The exchange of ‘ ‘ property ’ ’ means the giving of any ‘ * valuable right and interest ”. (See Black’s Law Dictionary, p. 1382 [4th ed.].) The statute does not require the consideration exchanged to be attachable or liquid. It does not require that the husband replace the transferred asset with a durable tangible one, seizable in substitution by a creditor. Indeed, a ‘ * fair consideration ’ ’ for a conveyance can be a consumable item which in ordinary use leaves over nothing. There must *11simply be a “ fair equivalent ” value conveyed and accepted in good faith.

The notation “nominal consideration ” on the deed itself is not determinative since the considerations pertinent for real estate transfer stamp purposes may not, as a practical matter, apply for other purposes. (See Tax Law, § 1405, subd. [b], par. 4.)

The court recognizes that agreements which relieve a husband of his obligation of support are void (General Obligations Law, § 5-311). Yet, even in view of that statute, a husband and wife may agree upon a measure of support which the courts will uphold. These authorities are clear where the agreed support payments are regular, substantial and periodic, reflecting an understanding of a continuing obligation to support. (See Kyff v. Kyff, 286 N. Y. 71, 74; Jackson v. Jackson, 290 N. Y. 512, 517; DeRobertis v. DeRobertis, 261 App. Div. 476, 479; Ebenstein v. Pritch, 275 App. Div. 256; Rappaport v. Rappaport, 268 App. Div. 1006; Burkhardt v. Burkhardt, 28 Misc 2d 976; cf. McMains v. McMains, 15 N Y 2d 283.) While a lump sum payment of cash or property may be suspect as a purchased exemption from support obligation, there is no reason why parties may not in good faith anticipate a true support measure by one capitalized sum, payable in cash or property.

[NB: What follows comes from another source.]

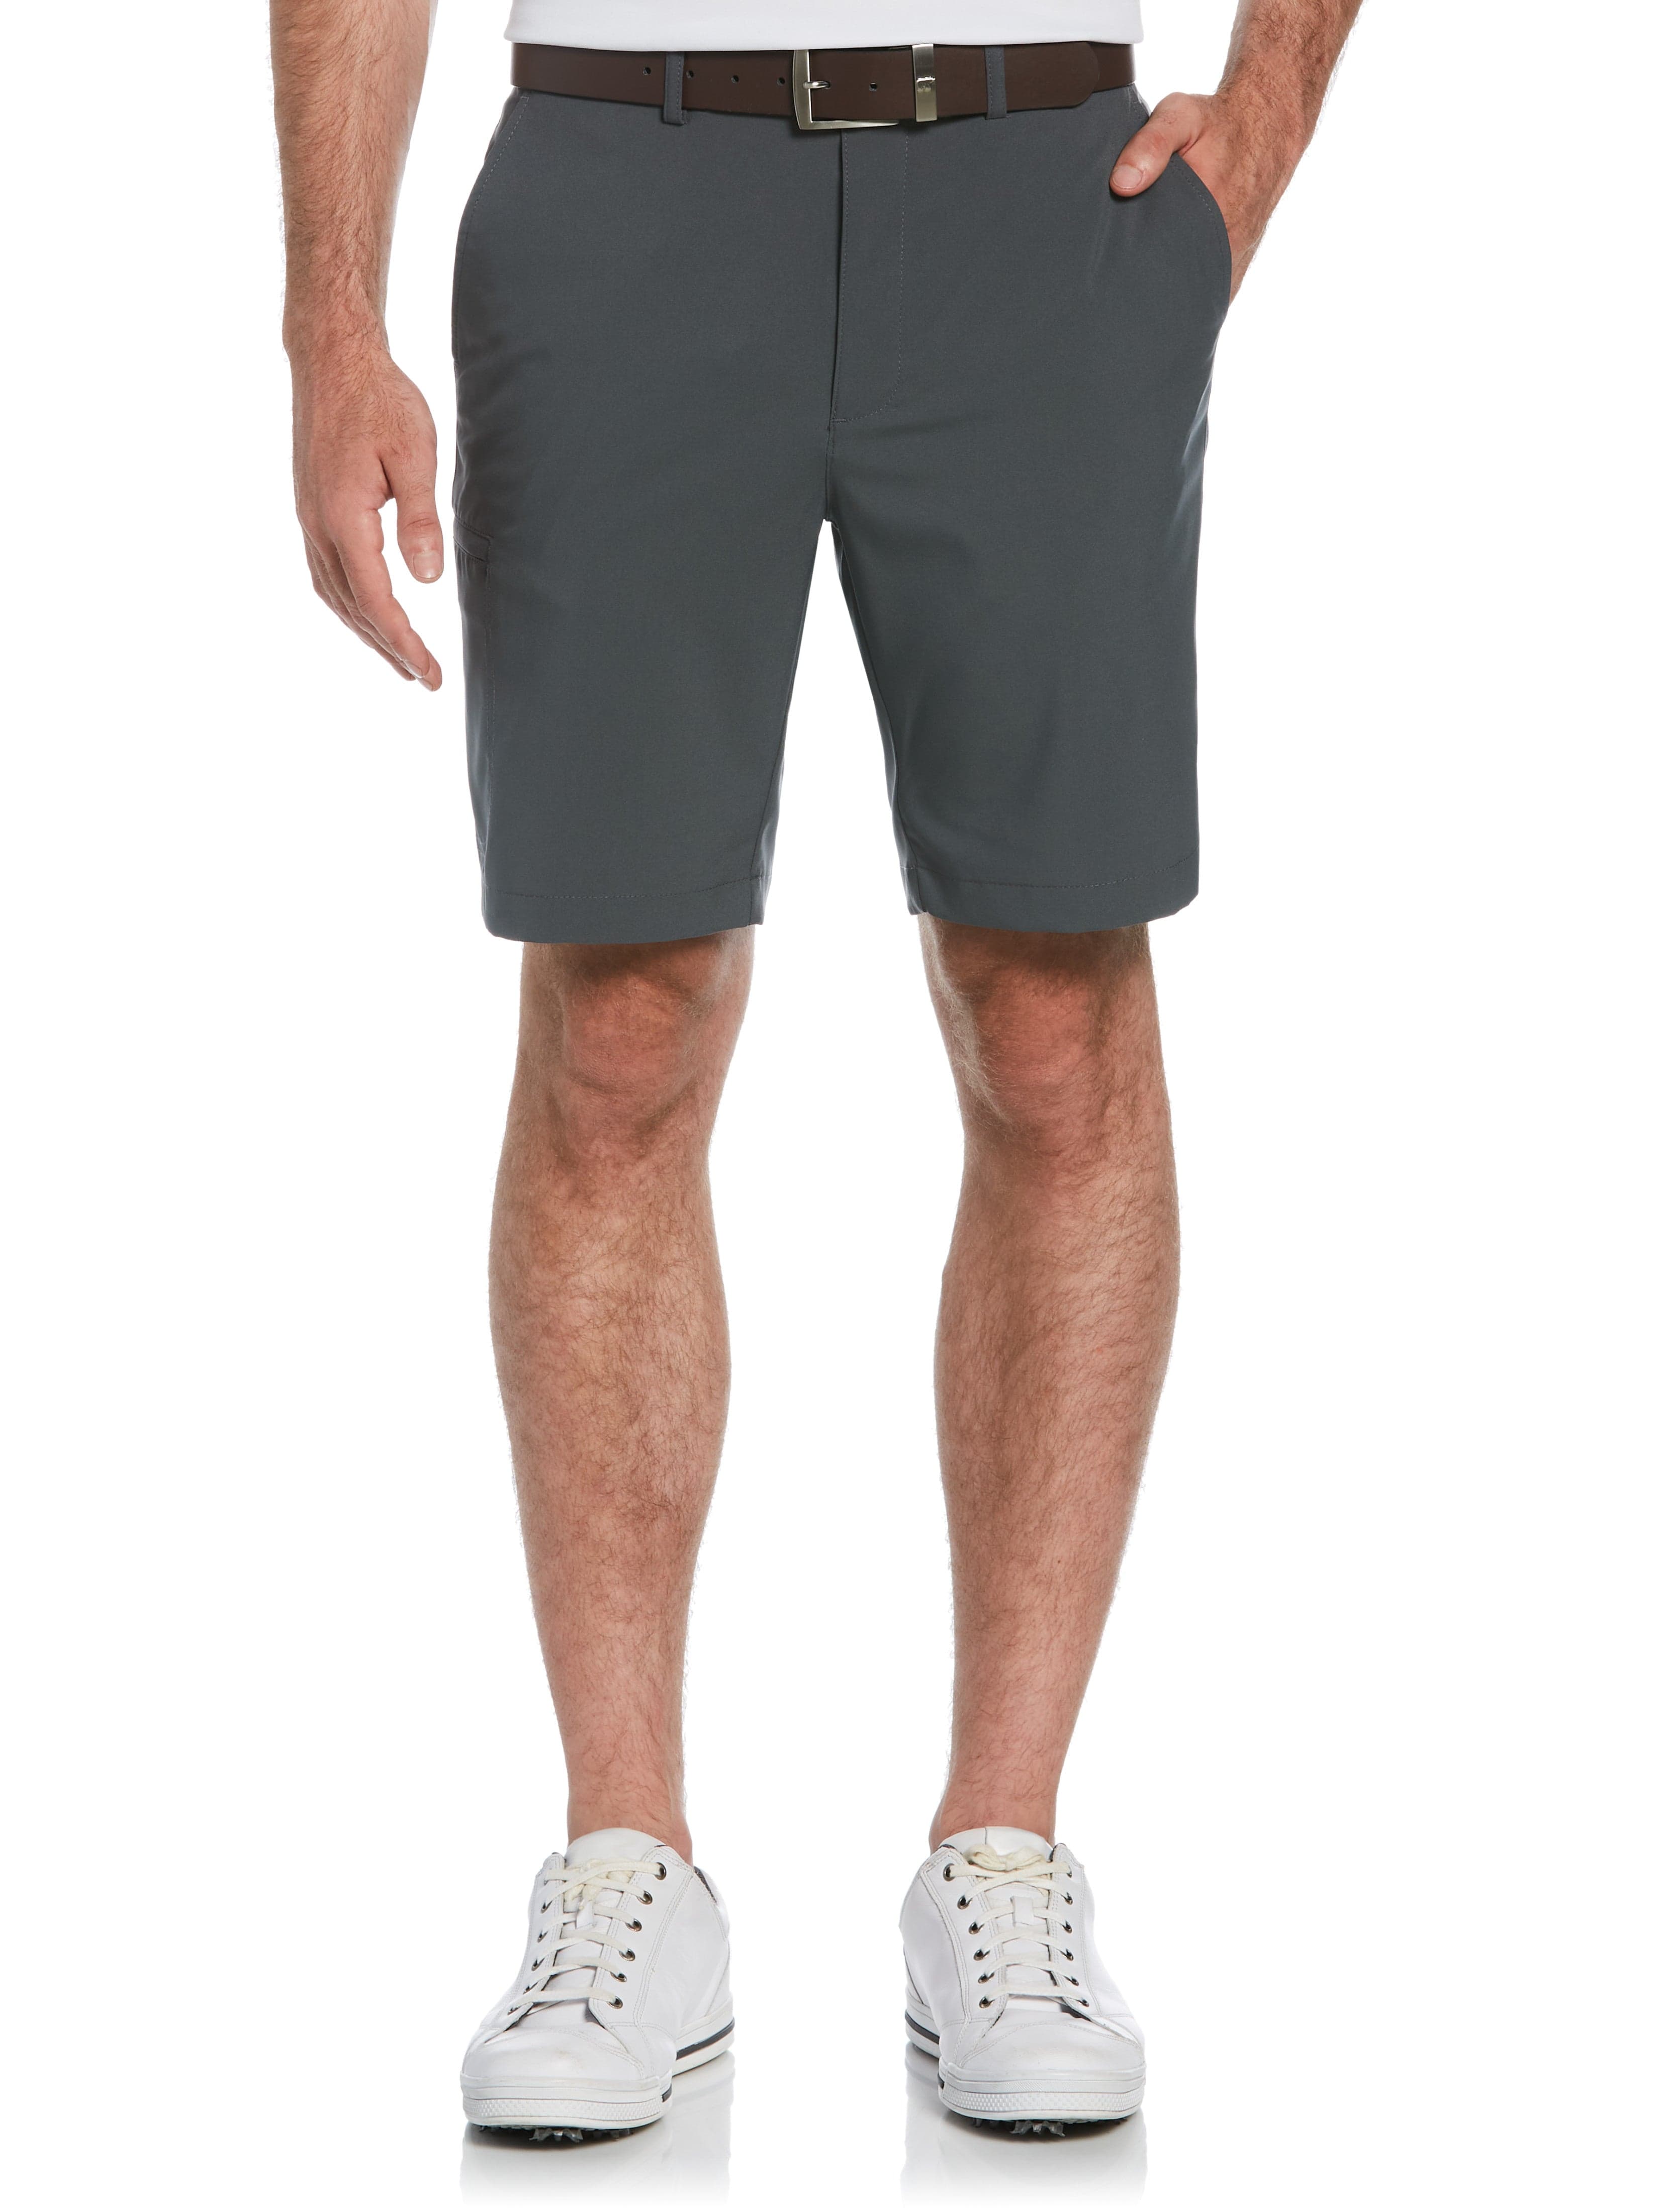 Jack Nicklaus Mens Flat Front Solid Golf Shorts w/ Cargo Pocket, Size 32, Iron Gate Gray, 100% Polyester | Golf Apparel Shop

Competing social considerations, promoted by separate statutes, are at work in the case. On the one hand, there is the need to encourage orderly and amicable settlement of financial affairs between husband and wife who separate, including protection against either spouse becoming a public charge by waiving support rights. (Domestic Delations Law, § 170, subd. [6] ; General Obligations Law, § 5-311.) On the other, creditors who seek to collect their rightful due from out of the debtor’s property deserve protection against the debtor’s giving property away while litigation is pending. (Debtor and Creditor Law, § 273-a.) There seems, however, no overriding policy for favoring commercial creditors over the separated wife who is another type of creditor and no less deserving of protection. Questions of social imminency might even suggest the converse.

The court rules, therefore, that a transfer pursuant to a bona fide enforceable separation agreement is for ‘ ‘ fair consideration ” within section 273-a of the Debtor and Creditor Law.

This is, however, a motion for summary judgment, and questions of fact remain to be established before the rule announced can be applied. There must be a trial of issues of fact, and therefore denial of the motion for summary judgment. The facts to be tried must include (a) the bona fides of the separa*12tion or matrimonial dispute on litigation eve; (b) the genuineness of the support determination; and (c) the reasonableness of the waiver of the widow’s right of election. If the agreement did not effectively cut off valuable rights against the husband, payments under it are not for “ fair consideration ”.

Accordingly, the motion for summary judgment is denied.